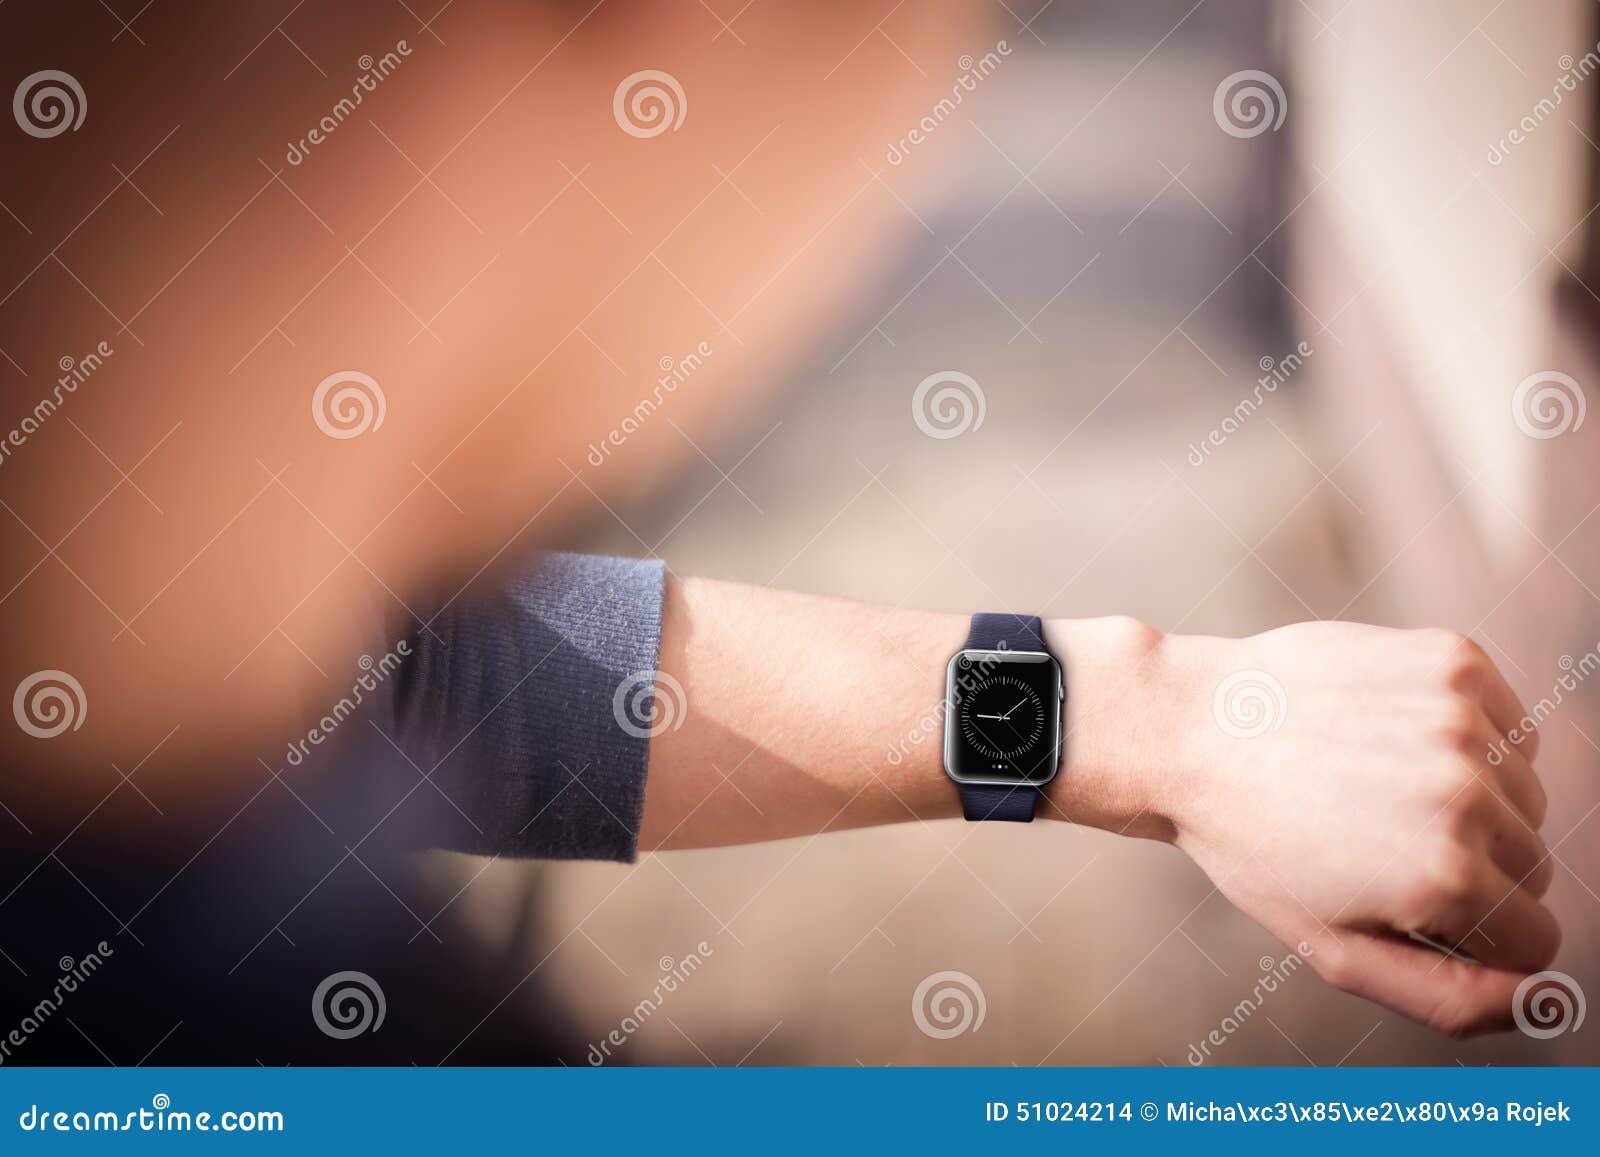 Hand wearing elegant smartwatch
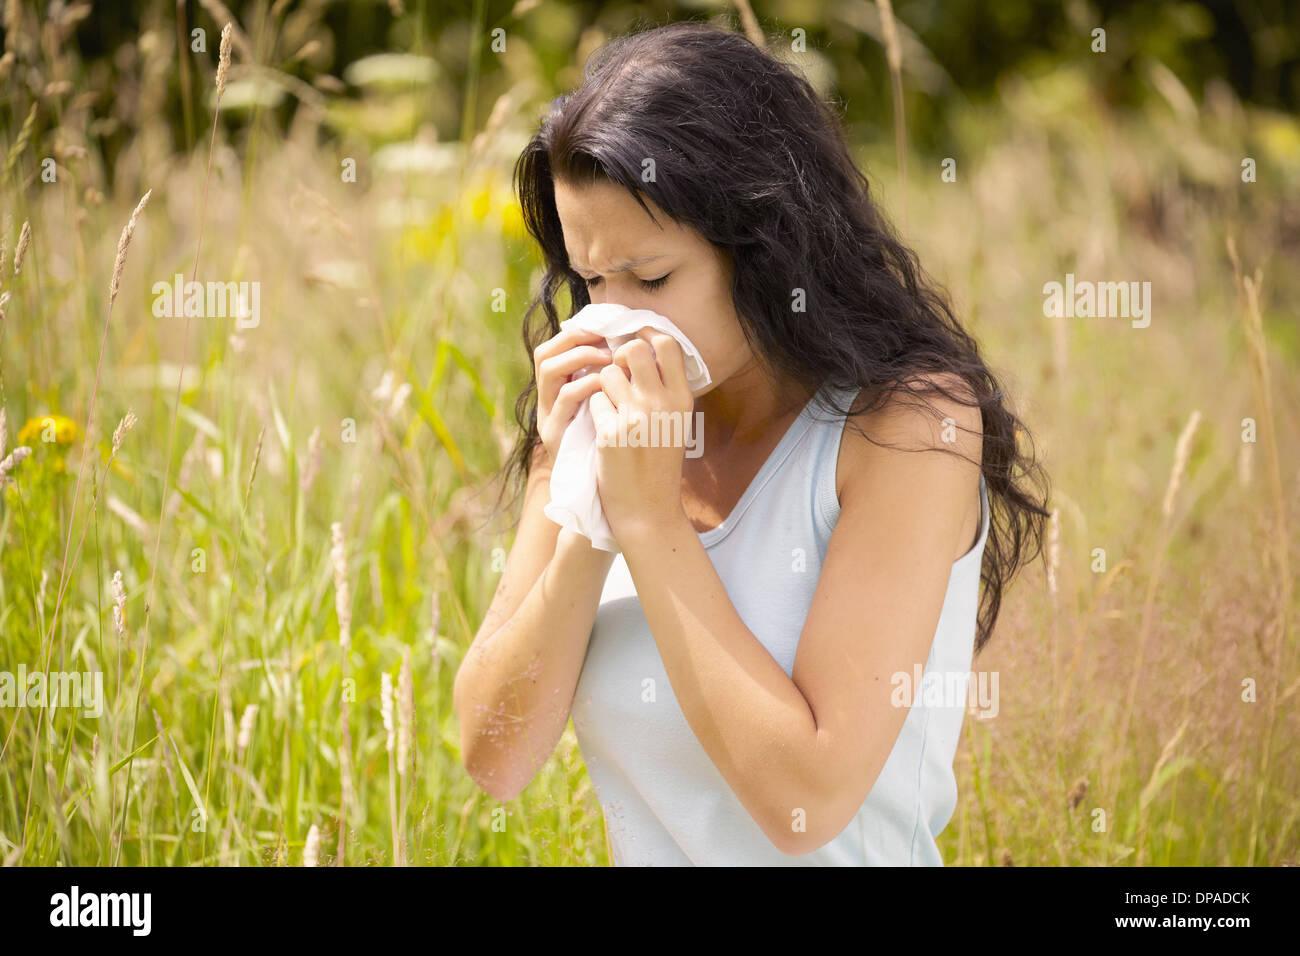 Chica con tejido de nariz de barrido Imagen De Stock
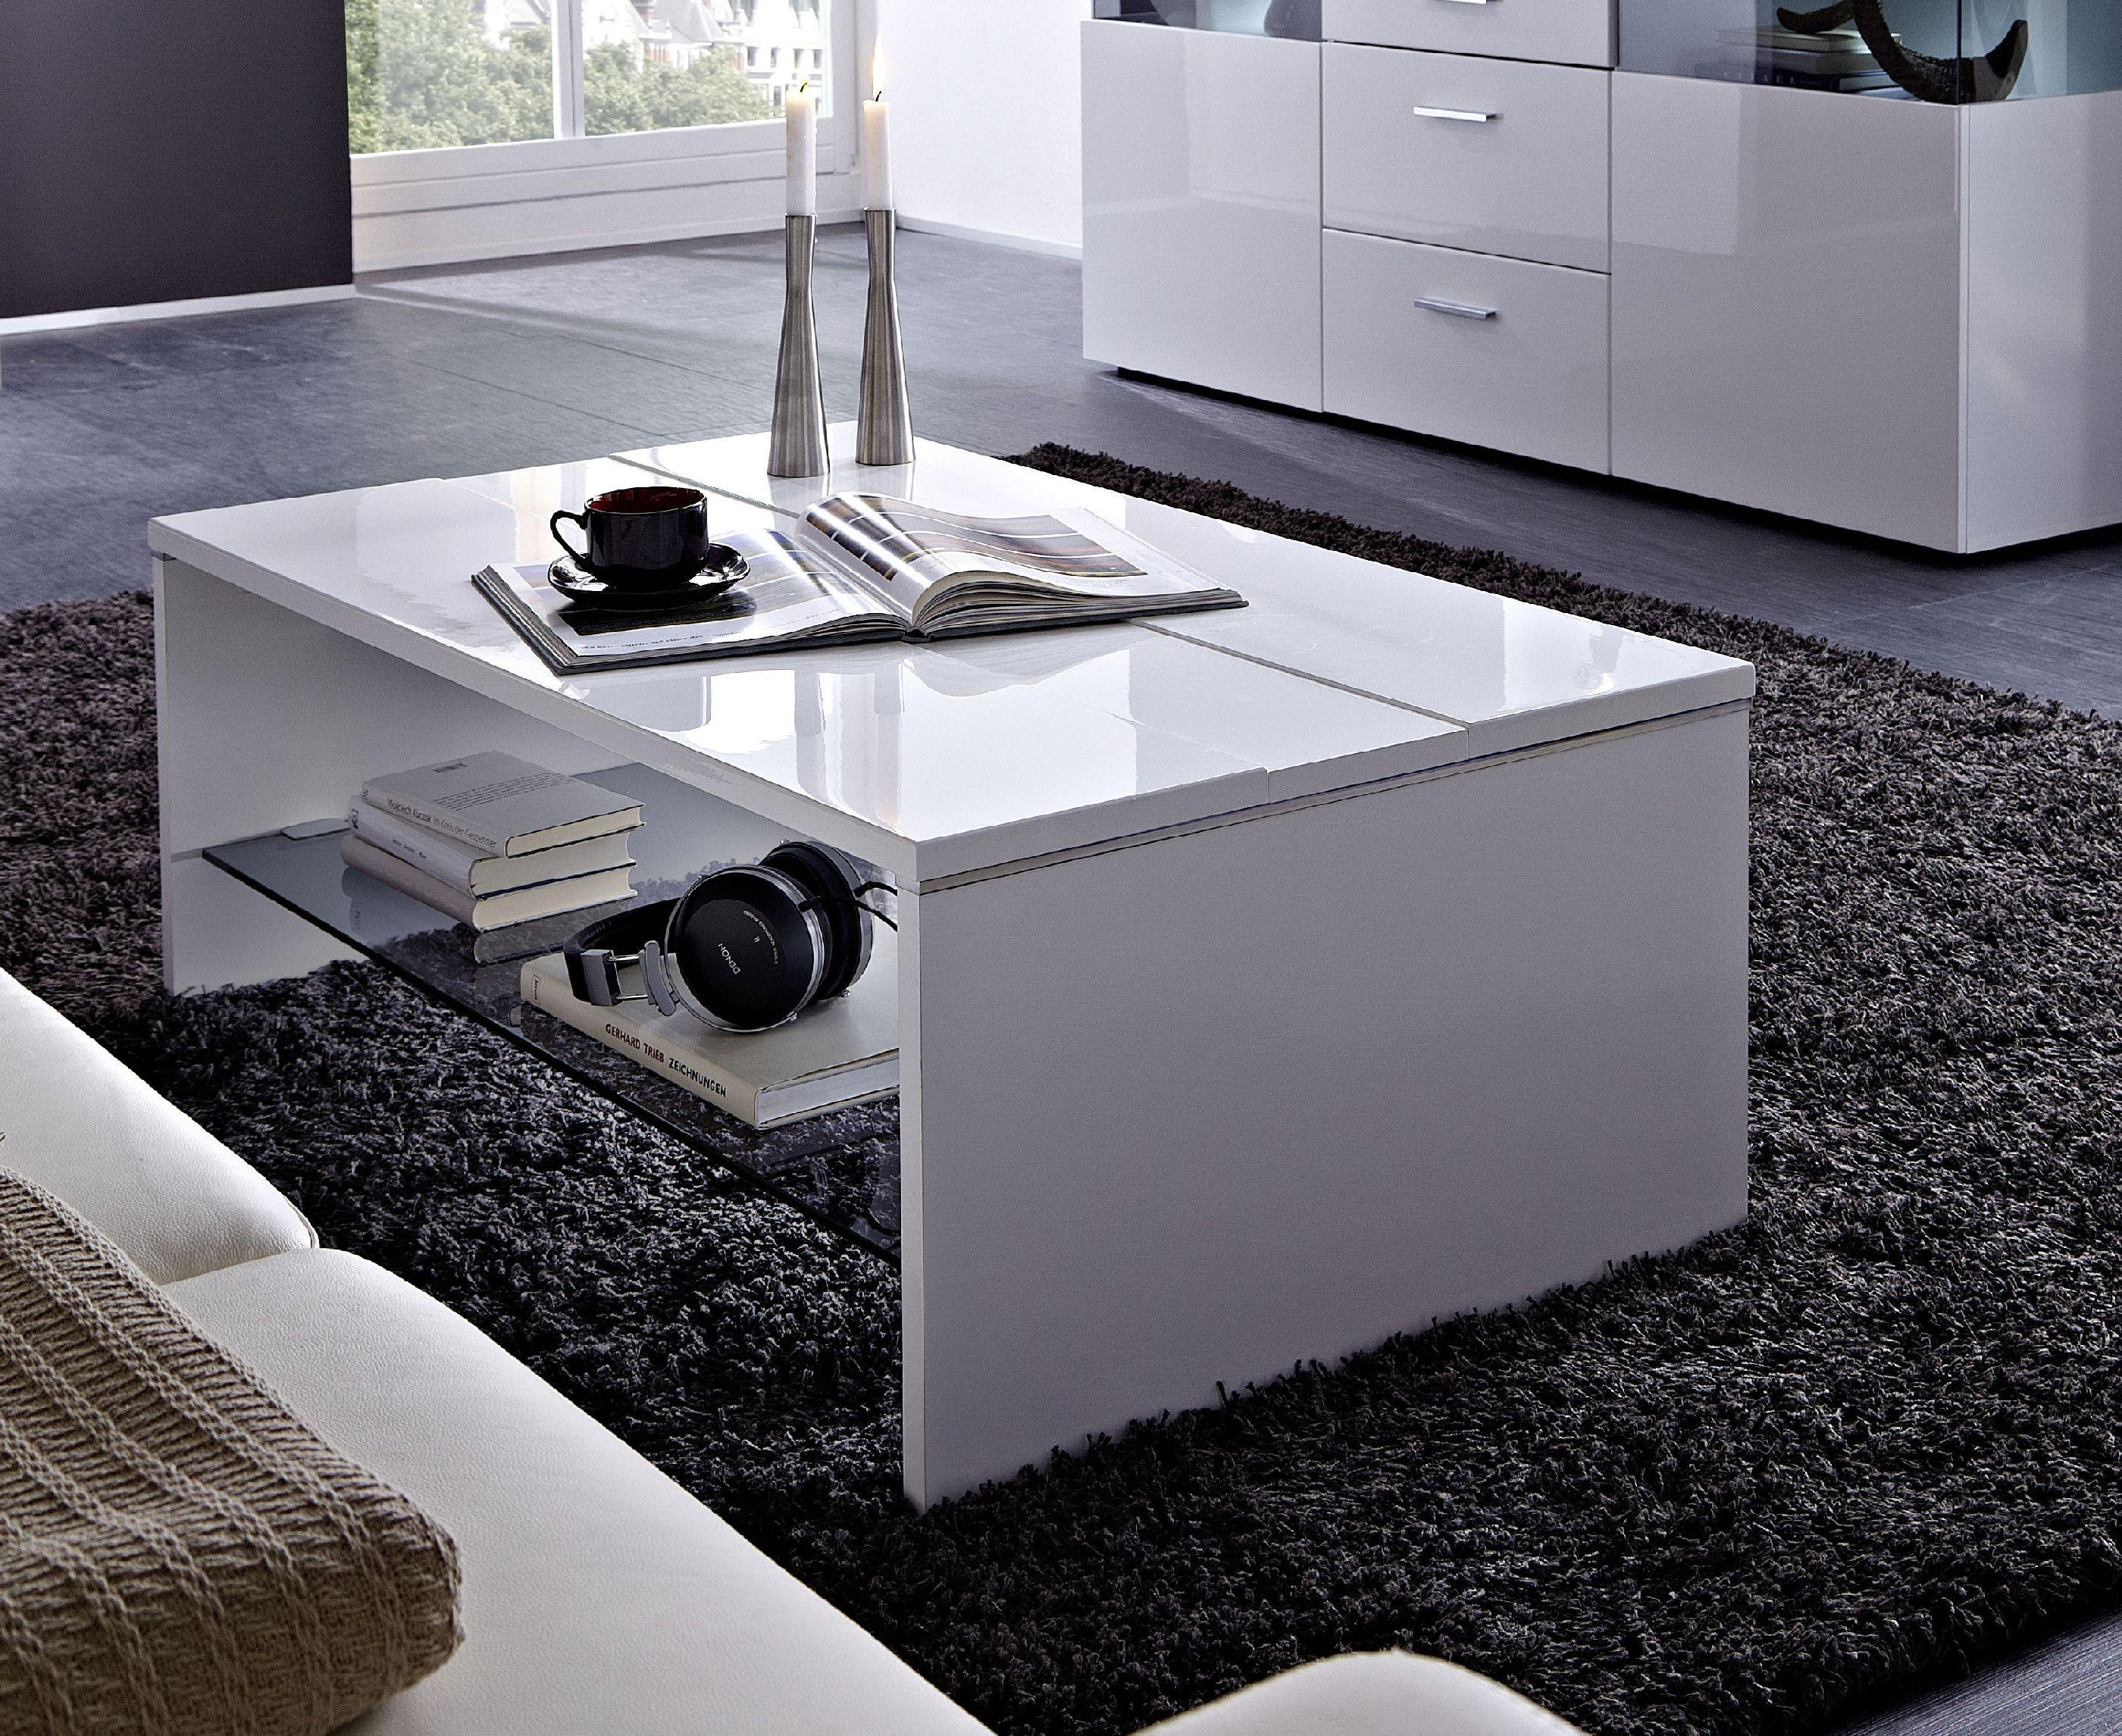 couchtisch weiss hochglanz / glas parsol grau woody 22-00428 ... - Moderne Wohnzimmertische

> **About this exercise**
Write out, word for word, the line containing "Chica con tejido" and each line after it to the end of the data, and nothing more. Drop the pictures.

> **Answer below**
 Chica con tejido de nariz de barrido Imagen De Stock
 couchtisch weiss hochglanz / glas parsol grau woody 22-00428 ... - Moderne Wohnzimmertische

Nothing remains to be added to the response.